Data for review
+ + + + +
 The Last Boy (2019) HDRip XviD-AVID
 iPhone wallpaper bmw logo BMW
+ + + + +
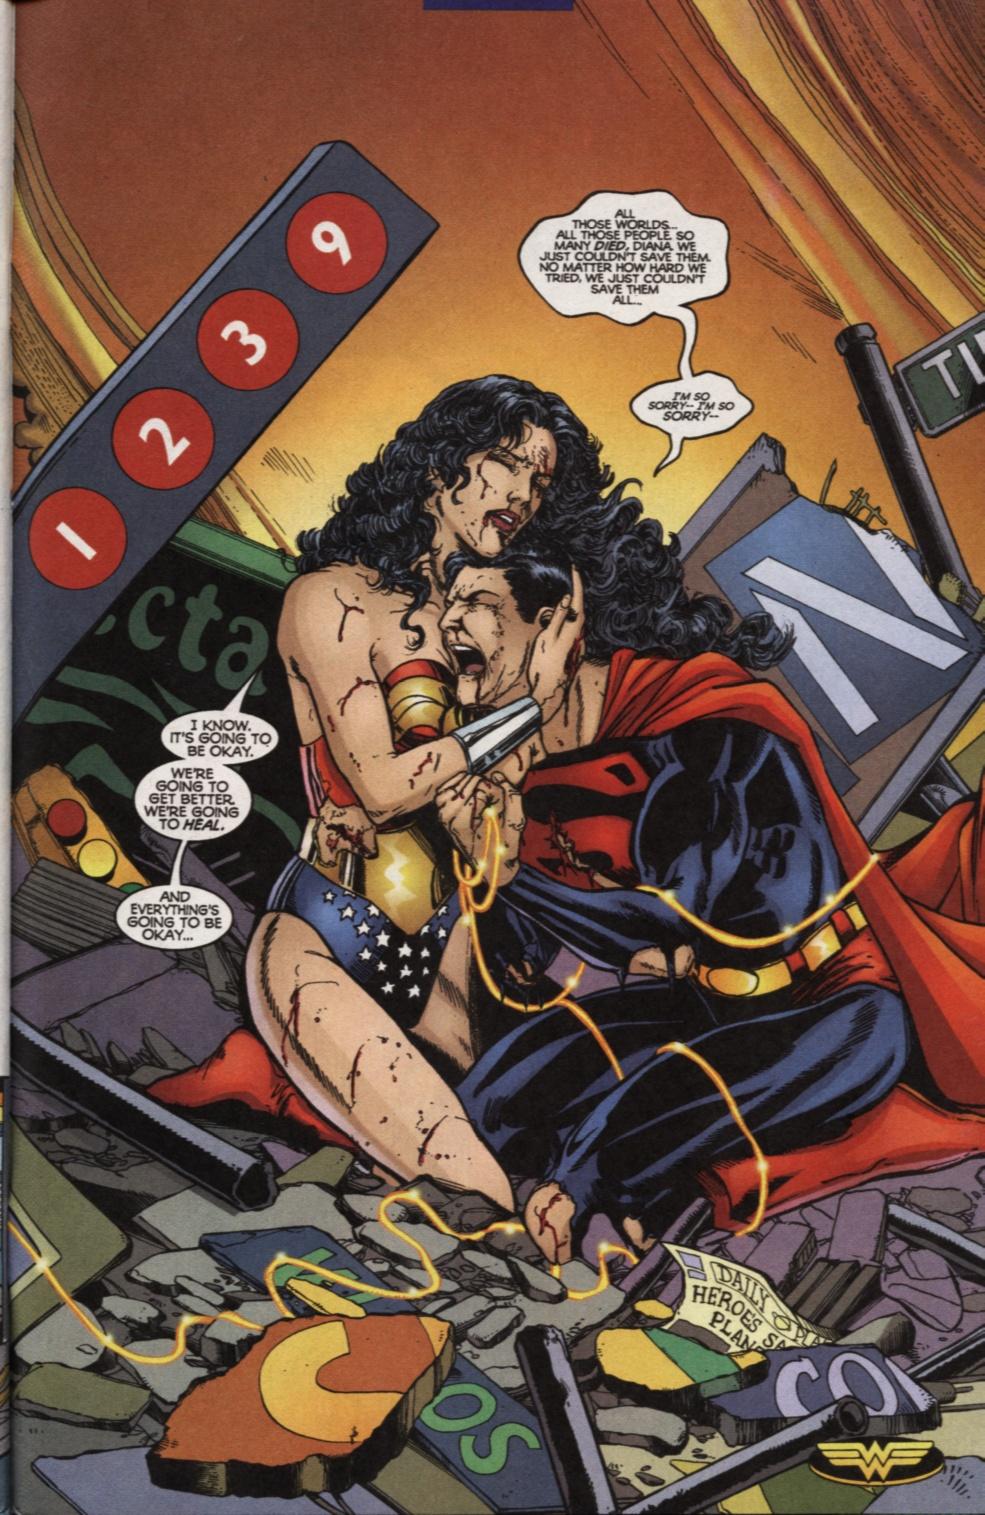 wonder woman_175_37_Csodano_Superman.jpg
+ + + + +
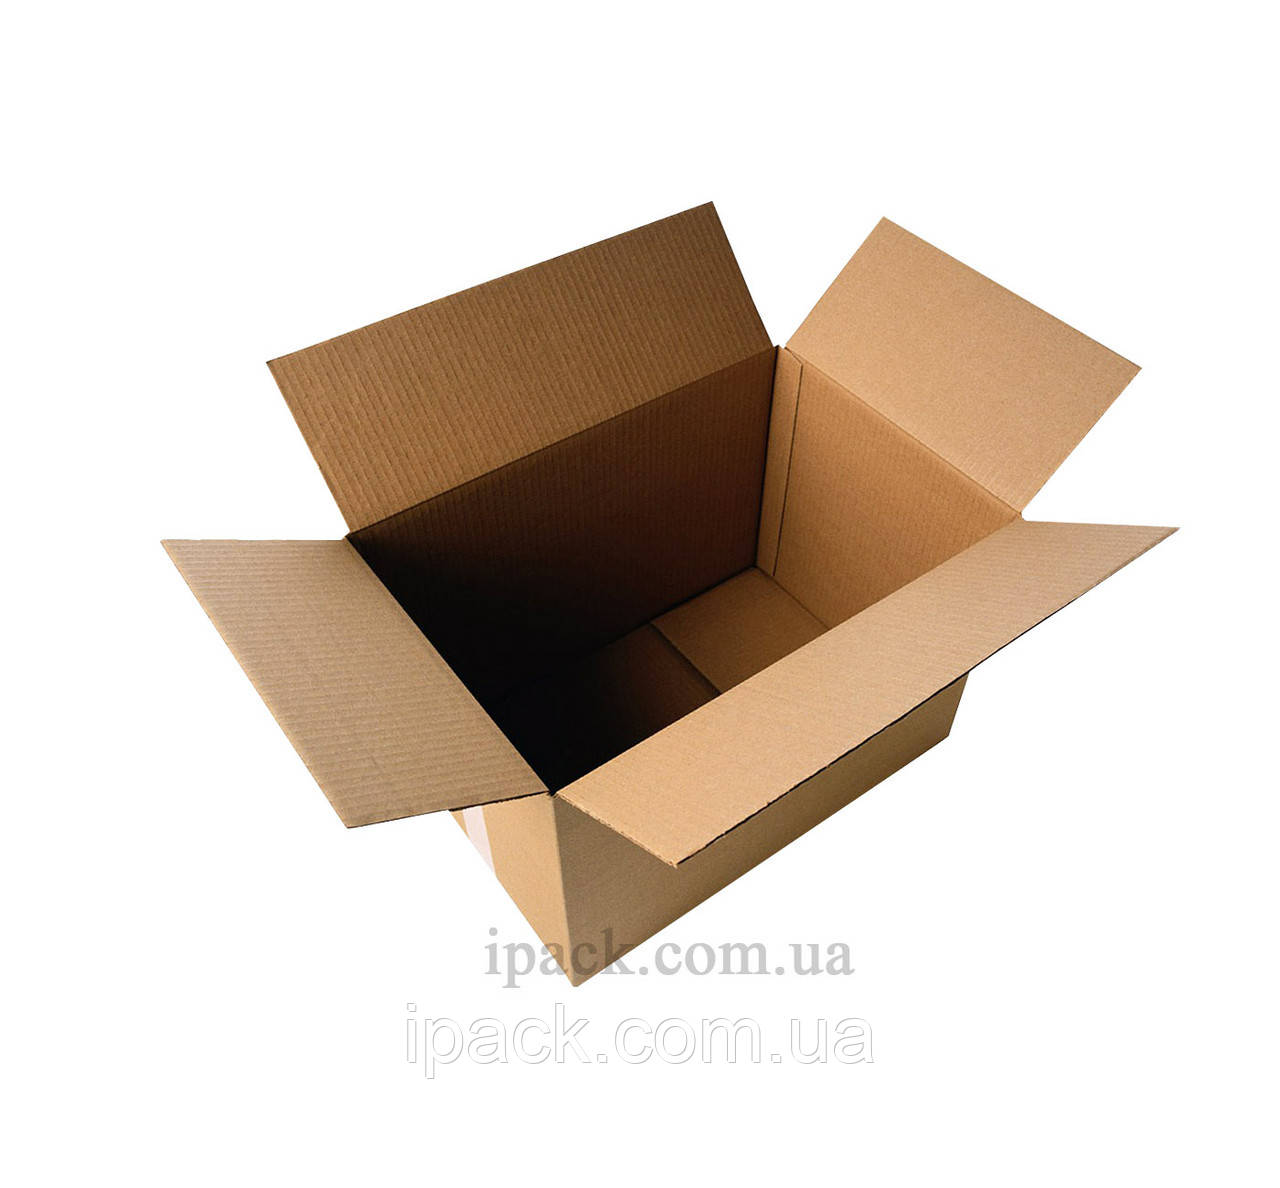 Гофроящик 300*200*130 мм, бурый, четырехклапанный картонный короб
+ + + + +
Problem description
Please copy the lines above from the line with "The Last Boy (2019) HDRip XviD-AVID" up to and including the line with "iPhone wallpaper bmw logo BMW", exactly as written and with nothing else.

Finished exercise
 The Last Boy (2019) HDRip XviD-AVID
 iPhone wallpaper bmw logo BMW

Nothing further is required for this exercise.